Roughly speaking, a single state between the Jordan River and the Mediterranean would contain 5.5 million Jews and 4.5 million Arabs.

Israel's president, lifelong leftist Shimon Peres concluded in 2009 that "the one-state solution has enough intrinsic flaws to render it no solution at all."

In the general scheme of things, it would seem natural for the Israeli liberal Left to favor such a solution.

But Jonathan Cook, a British writer and journalist who has lived in the Arab town of Nazareth in the Galilee since 2001, observes that the debate over the once-taboo concept of a one-state solution has shown its fiercest opponents are of the Left.

"What the new one-state debate reveals is that, while some on the Right -- and even among the settlers -- are showing they are now open to the idea of sharing a state with the Palestinians, the Left continues to adamantly oppose such an outcome …

"The Right is beginning to understand that separation requires not just abandoning dreams of a Greater Israel but making Gaza the template for the West Bank.

"Excluded and besieged, the Palestinians will have to be 'pacified' through regular military assaults like the one in Gaza in winter 2008 that brought international opprobrium on Israel's head," Cook wrote.

"Some on the Right believe Israel will not survive long causing such outrages."

It was, after all, Israel's Labor founders, such as David Ben Gurion, who were behind the mass expulsion of Palestinians in 1948-49.

The controversial "security wall" the Israelis are building across the West Bank, absorbing large swathes of it, was the brainchild of Barak, currently defense minister and leader of the Labor Party.

The Right may still seek Jewish domination, but, says Cook, "it may be more willing to redefine its paradigms than the Zionist Left."

earlier related report
Clinton still 'positive' on Mideast peace talks
Washington (AFP) Nov 10, 2010 - US Secretary of State Hillary Clinton expressed disappointment Wednesday that Israeli settlement building had deadlocked Middle East peace talks but remained optimistic about progress.

"We still believe a positive outcome is both possible and necessary," Clinton told a press conference in Washington. "Consultations continue on all sides and we will persevere."

Both Clinton, who is to hold talks Thursday with Israeli Prime Minister Benjamin Netanyahu, and US President Barack Obama have condemned Israel for plans to build more than 1,300 new homes in annexed Arab east Jerusalem.

Direct peace talks began in September but ran aground six weeks ago when an Israeli moratorium on West Bank settlement construction expired, prompting the Palestinians to freeze negotiations until Israel reimposes the ban.
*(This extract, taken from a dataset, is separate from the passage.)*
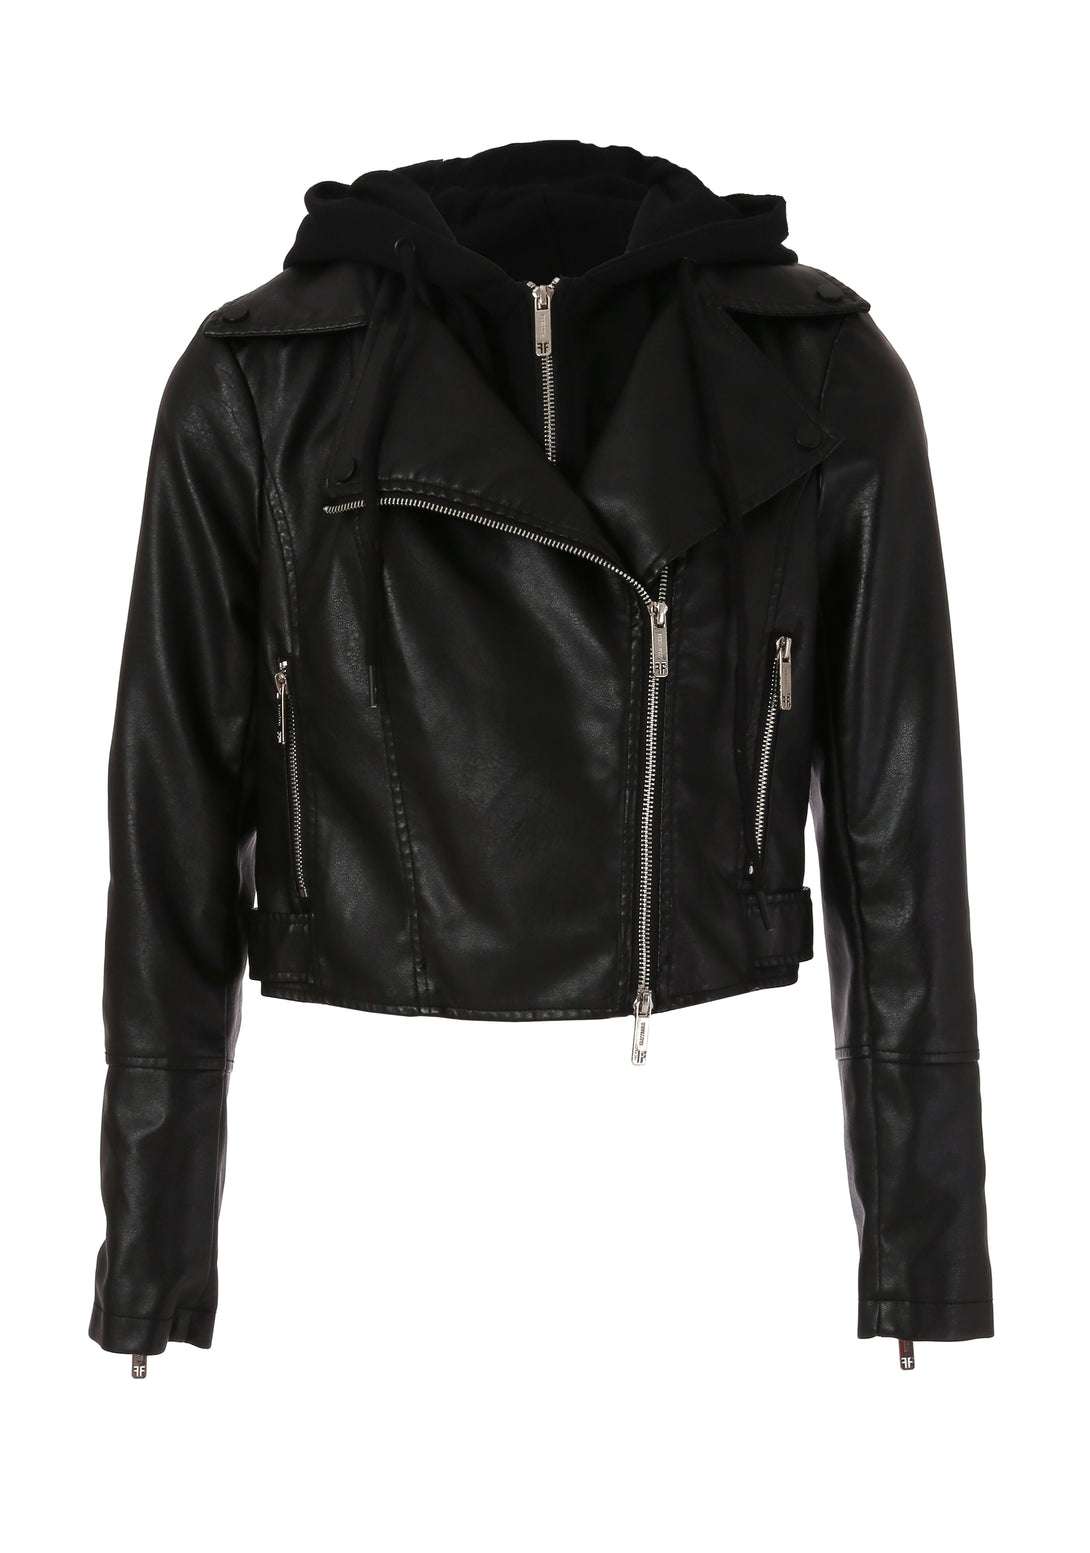 Biker jacket regular fit made in fake leather

About 500,000 Israelis live in more than 120 settlements across the Palestinian occupied territories, which include the West Bank and east Jerusalem.
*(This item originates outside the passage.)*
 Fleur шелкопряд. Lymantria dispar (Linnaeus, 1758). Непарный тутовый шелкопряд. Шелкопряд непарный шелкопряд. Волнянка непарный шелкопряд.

Palestinian leader Mahmud Abbas sees Jewish settlements as a major threat to the establishment of a viable state and views the freezing of settlement activity as a crucial test of Israel's intentions.

Obama has made kick-starting the deadlocked Middle East peace process a central plank of his foreign policy and Clinton refused to give up hope.

"I remain convinced that both Prime Minister Netanyahu and President Abbas want to realize the two-state solution," she said.

"Like any very difficult political challenge, it is often hard to find the path forward but we're absolutely committed to doing everything we can to assist the parties in doing so."

The United States on Tuesday disputed Israel's claims that the new settlements, which drew a furious response from the Palestinians, had no bearing on the peace talks.

"To suggest that this kind of announcement would not have an impact on the Palestinian side I think is incorrect," State Department spokesman Philip Crowley said.

At Wednesday's press conference, which featured Palestinian prime minister Salam Fayyad in Ramallah via video-link, Clinton also announced 150 million dollars in new assistance to the Palestinian Authority and called for other donor countries to step up aid.

The new funding was described as budget support for the Palestinians and is separate from the 400 million dollars in aid that Obama pledged in June during a White House visit by Palestinian leader Mahmud Abbas.